Hi everyone. This is my first post here. I am desperate for some advice and help with a complex emotional situation with my bereaved wife and our marriage.
My wife and I have been together 20 years and married for 18 years, we are in out late 40s and have two teenage boys. We have been generally very happy except for the last four years during which a series of bereavements, family tensions and now job insecurity have caused mounting problems.
My mother died of secondary breast cancer in December 2007 and my father died this past October. My younger sister has lived in Australia since January 2008. We were never a big, close family and my parents’ deaths have not affected me very much; my mother’s death was traumatic as I watched her slowly dying over 3 months in hospital, but I did not see eye-to-eye with my father and though his sudden death due to heart failure was a shock, I have not experienced any great sense of loss. I am quite a shy, self-reliant, introverted person who has never had need of many friends; I have many work colleagues and I have a couple of old friends from school and college days, but I was never ‘one of the lads’.
In contrast to me, my wife is a very outgoing woman who has and needs many friends. She is far more of a people-person than me and she used to be a Samaritan volunteer! Her family was larger and always much closer than mine; they often had large family Christmases and holidays together in her younger days. In the last 7 months my wife's parents have both died in their 80s and her brother-in-law died at 54 due to alcohol-related problems back in 2006. The latter of these caused awful tensions between her, her middle sister (who was the bereaved spouse) and her eldest sister, to the point where, following the recent deaths, both my wife and her middle sister have now severed all contact with their elder sister. My wife’s mother died of cancer in May, but had been in a home or psychiatric ward because of dementia for the past two years or so; my wife only saw her a handful of times over that period because we live over 100 miles away. Her father died in July after suffering with cancer for several months. It seemed to us that he had continued to battle the illness for his wife's sake, but once she was gone he gave up.

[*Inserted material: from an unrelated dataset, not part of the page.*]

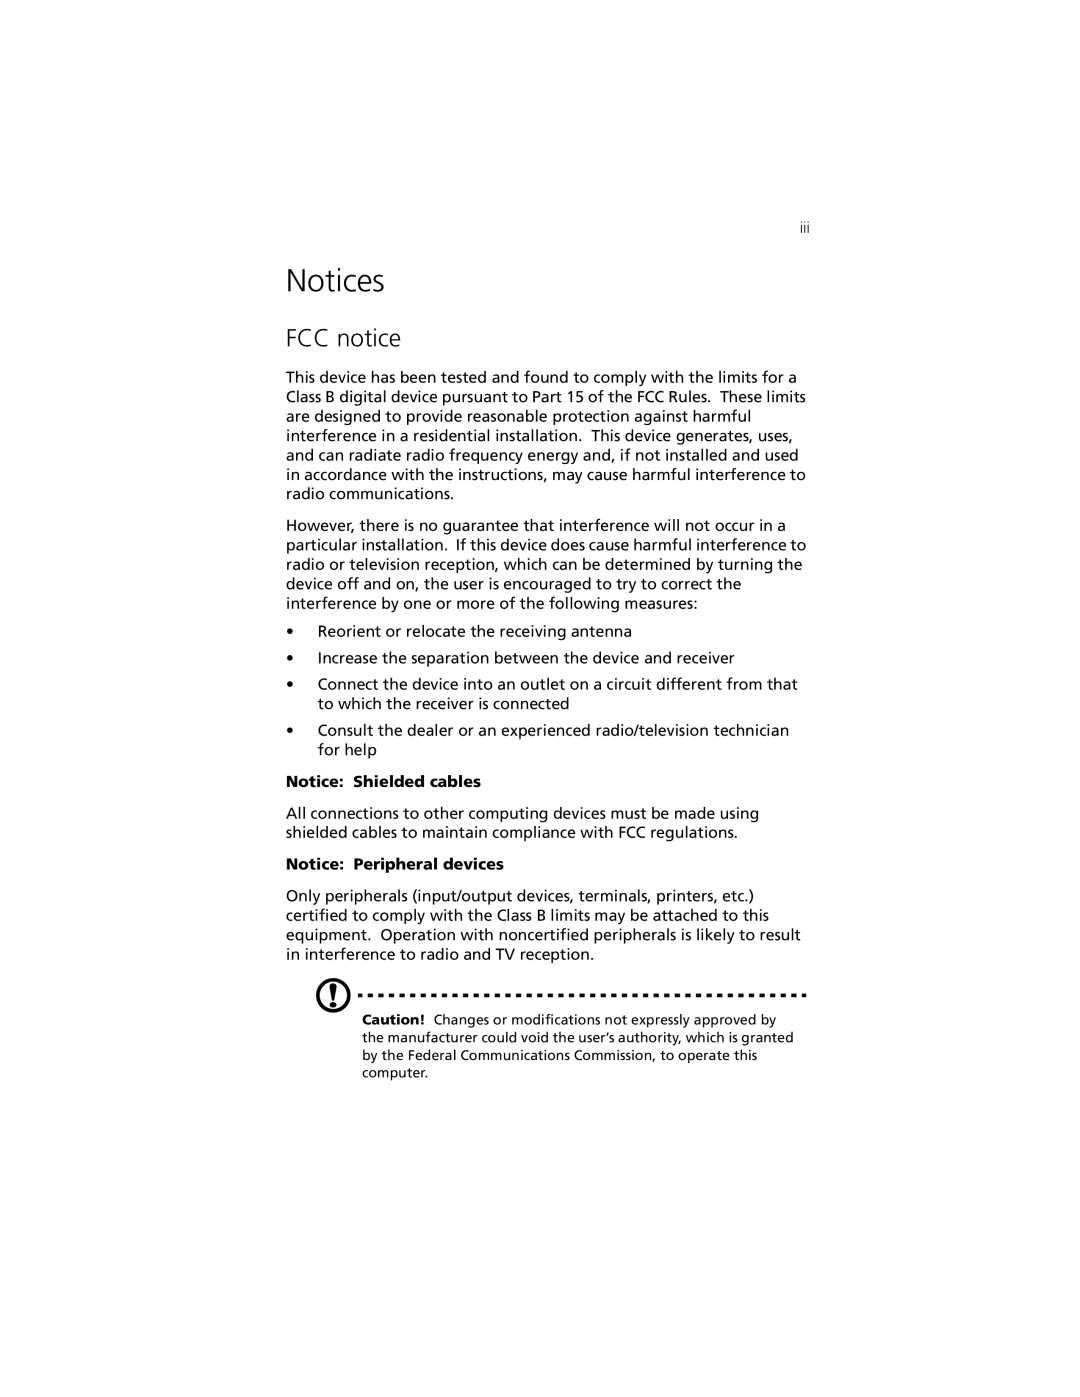 Acer Aspire 3300S manual Notices, FCC notice, Notice Shielded cables, Notice Peripheral devices

At first, I thought that her parents deaths had not affected my wife too badly because both were expected at the end of long illnesses. She seemed to be almost normal in her behaviour; she didn’t cry much in front of me. My father’s death a couple of months later acted as a kind of distraction from her grief as she helped me and my sister with sorting out his affairs and the house, etc. In addition, because of the UK government spending cuts her job as a co-ordinator in education is under threat which has proved to be traumatic and another distraction from her grief. I have now noticed her gradually becoming more withdrawn. We went on holiday at the end of October and she was very subdued. She has also been writing poetry about her parents and her grief in a book; she hasn’t shared this directly with me but I have read what she has written as the book was on the bedside table. She had clearly been feeling more pain, guilt and anguish than I had thought. But one part was difficult to read: she wrote some lines that go:
Like brother and sister
It’s not the same.
It’s not a shared bereavement,
Is it the grief that’s to blame?
This seems to me to be a reference to us.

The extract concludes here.